SciCrunch gene-disease query tool

Extracts counts of various SciCrunch objects related to disease/gene pairs.

Downloading disease data

For a set of Human Disease Ontology IDs (DOIDs), download_disease_data.py downloads database and species information from dknet.org. Starting with a CSV containing a set of DOIDs in the first column and disease names in the second column, calling python download_disease_data.py <filename> will create a file facets.csv with downloaded data, which includes database and species counts.
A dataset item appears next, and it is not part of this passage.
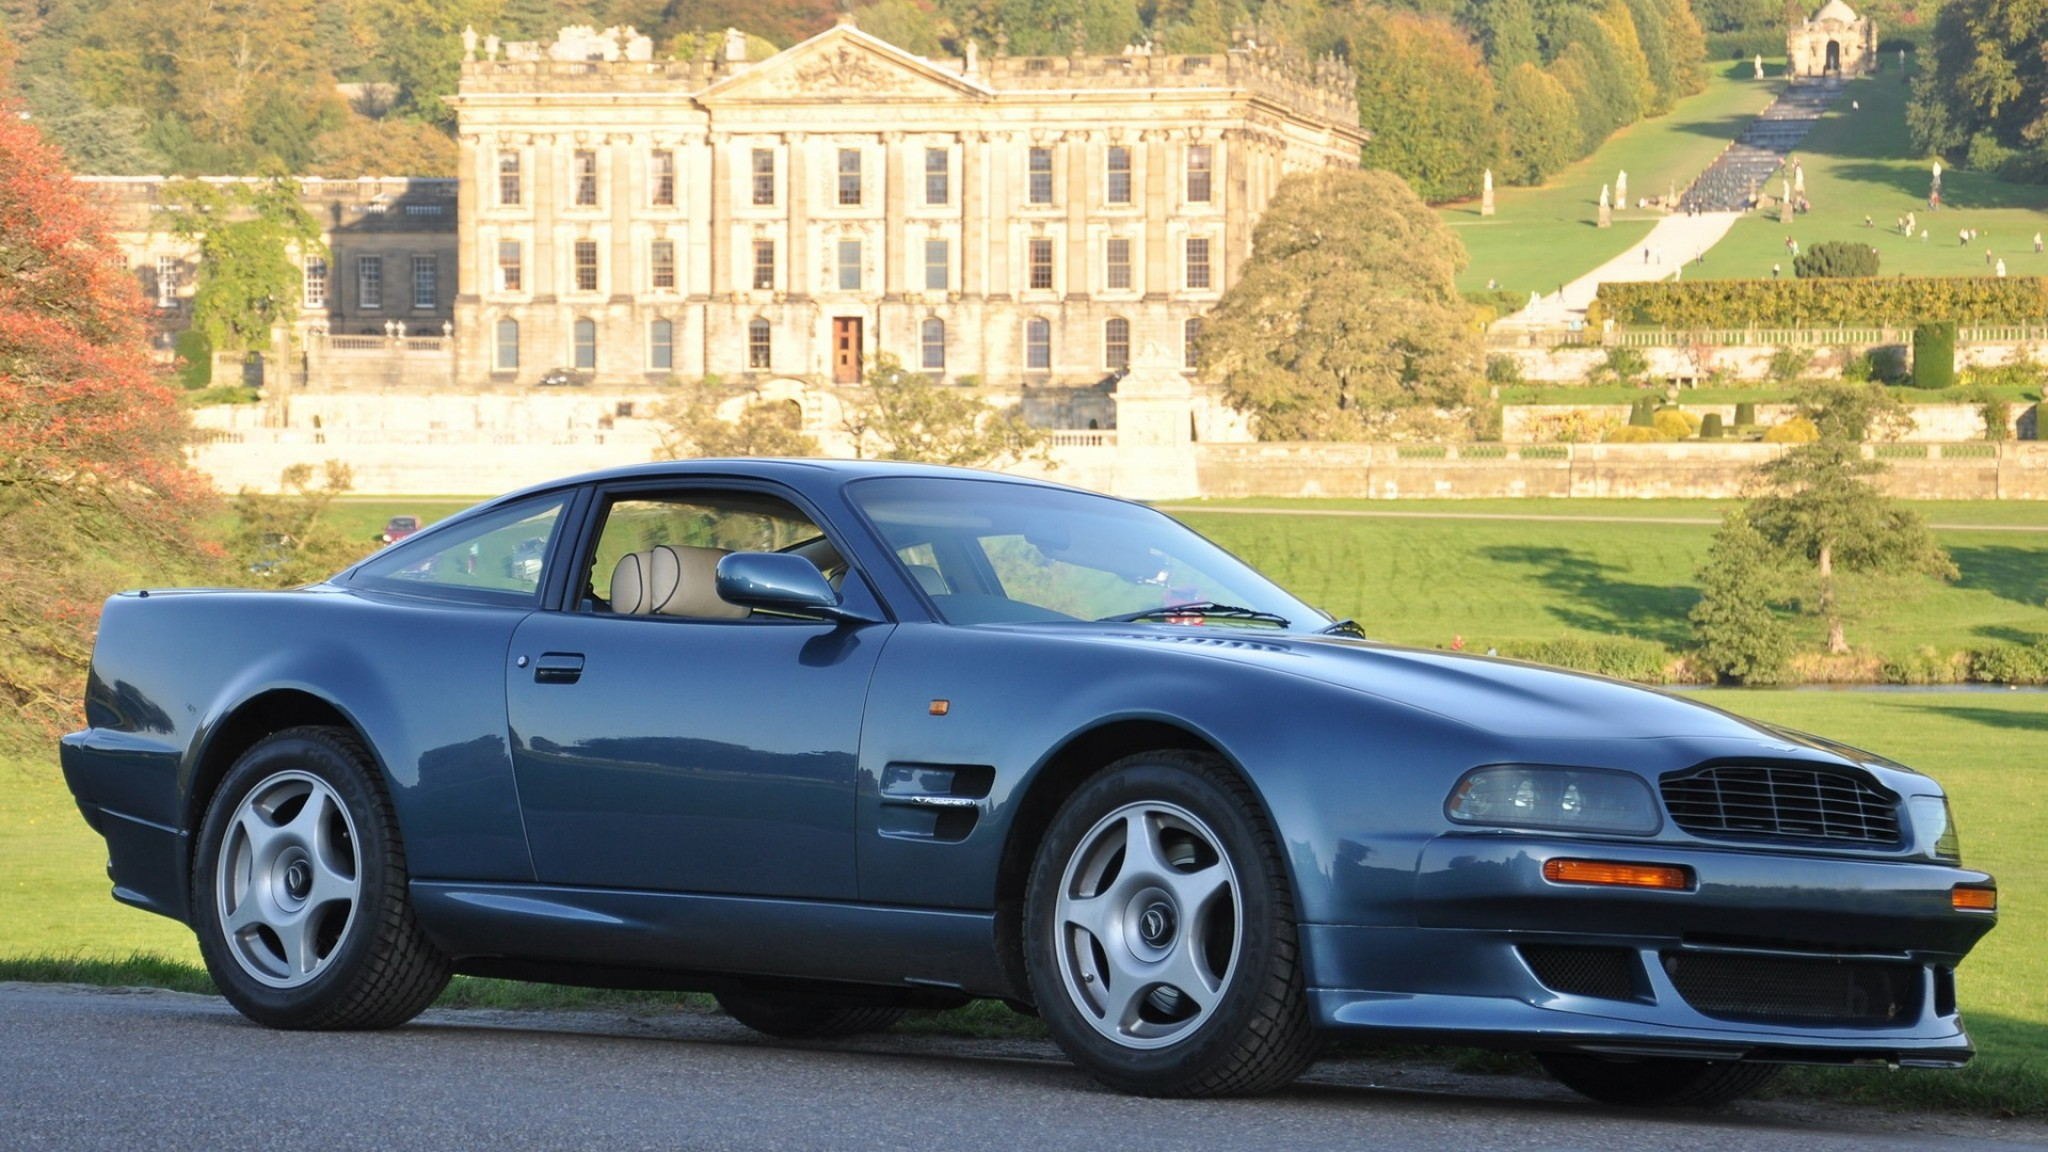 Aston Martin  V8 Vantage 1998  Blu  Vista laterale  Auto  Natura HD Wallpaper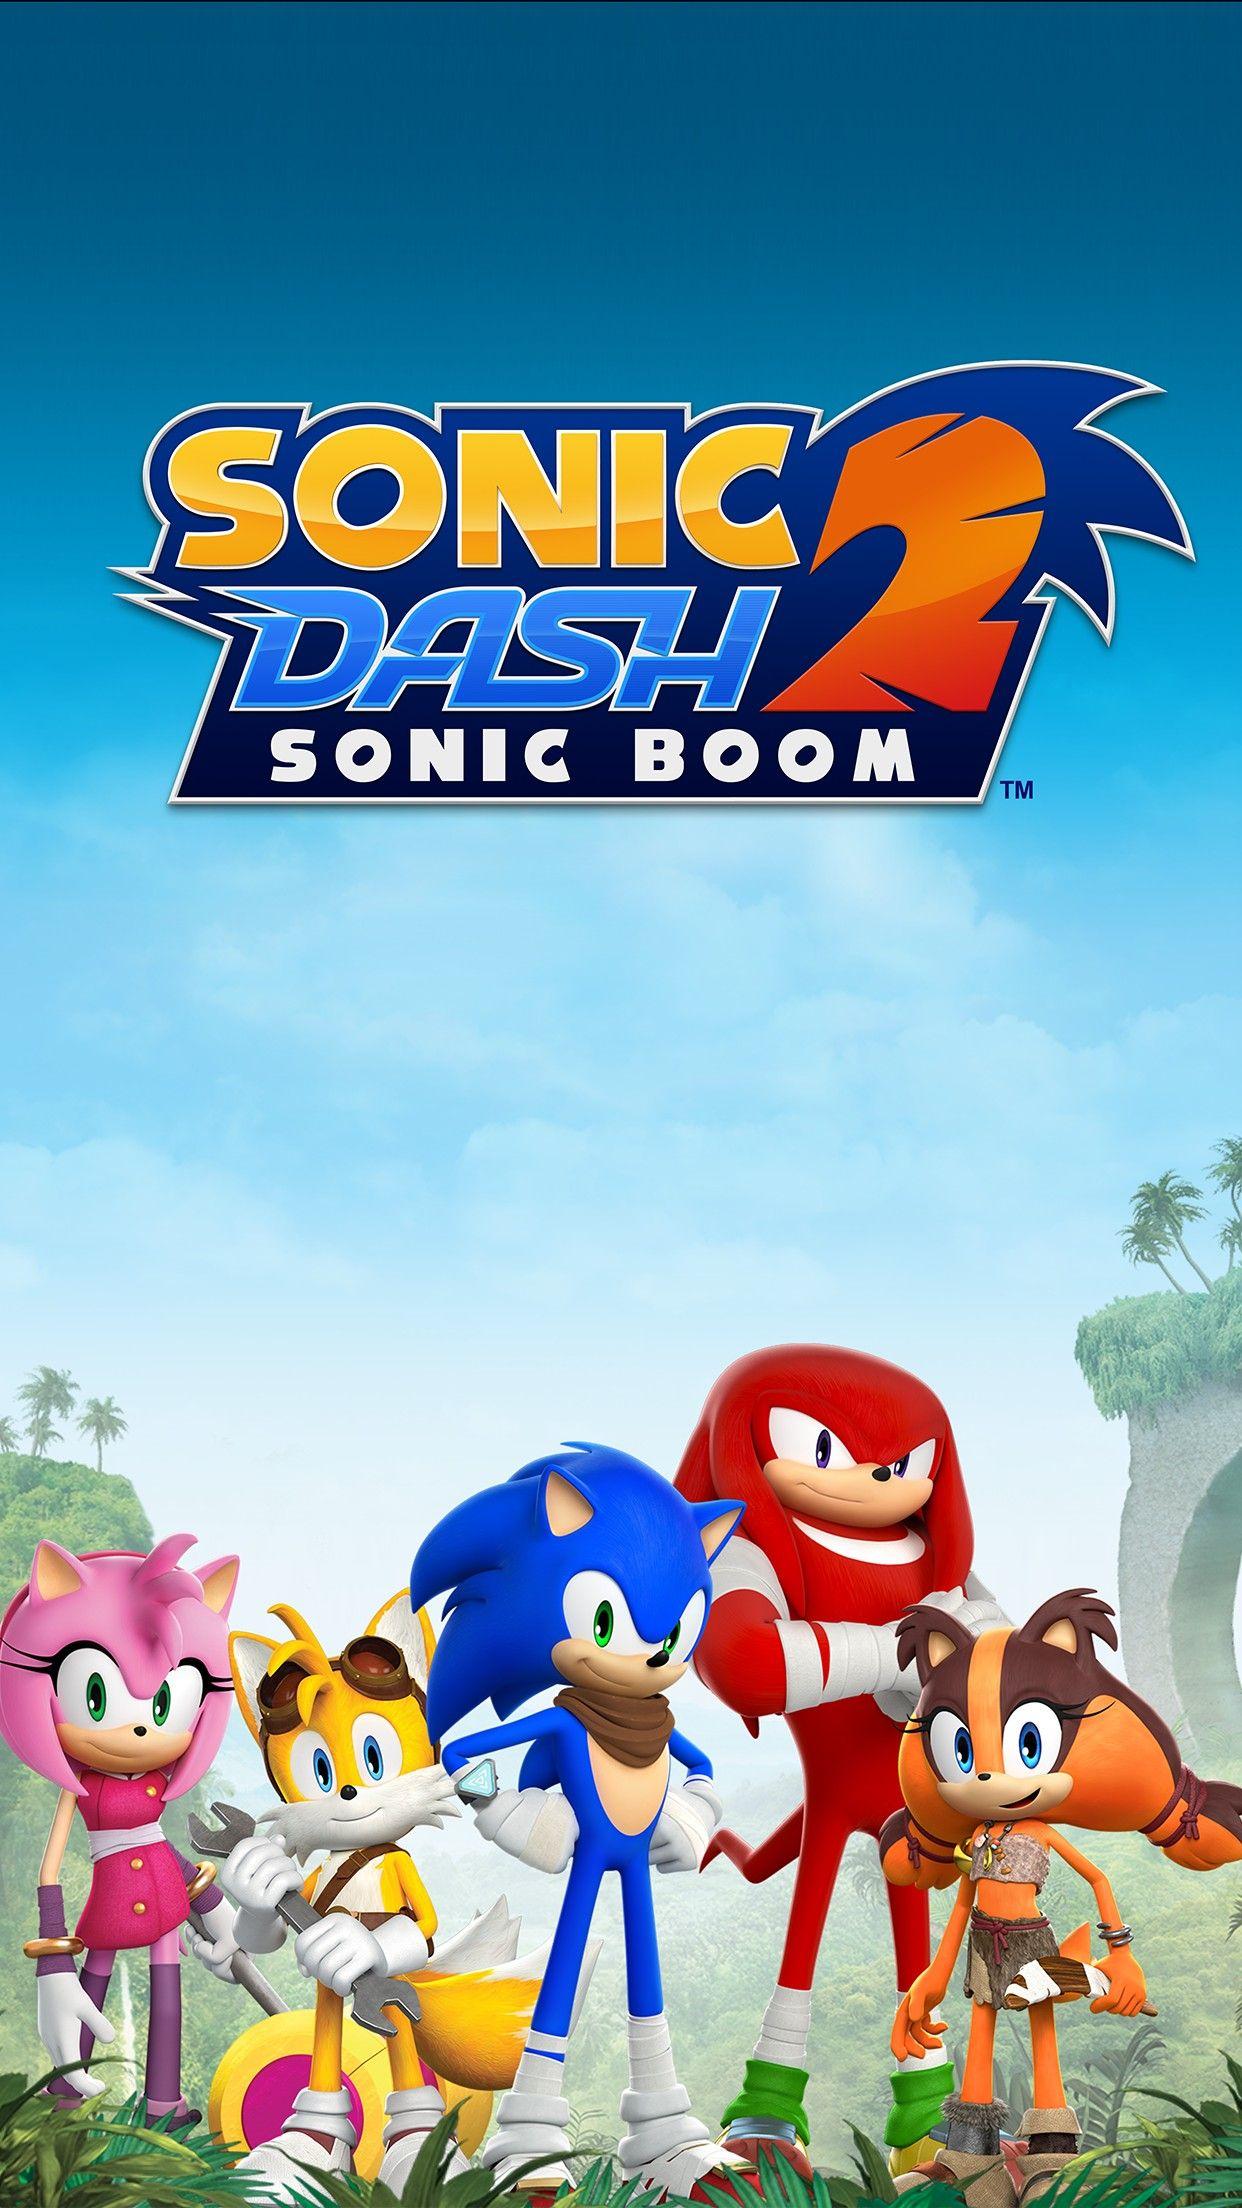 Sonic Dash 2 Screenshots Sega Zeigt Einige Bilder Zum Bald Erscheinenden Sonic Dash 2 Sonic Dash Sonic Sonic Boom

Alternatively, you can call the method extract_data() directly for more fine-grained control.

Joining disease with gene data

map_disease_to_gene.py takes a CSV file with both disease and gene information downloaded from the OMIM database, processes it, and combines it with database information from SciCrunch. This files requires the environment variable SCICRUNCH_KEY to be set, which is an API key for the SciCrunch API. Calling python map_disease_to_gene.py <omim_filename> creates two files, genes.json and gene_to_disease.json, which include gene-to-database and gene-to-disease information, respectively.

Exporting to CSV

to_csv.py takes the information in genes.json and gene_to_disease.json, aggregates it, and outputs to a human-readable CSV format. After running map_disease_to_gene.py, calling python to_csv.py will create a file genes.csv with aggregated data.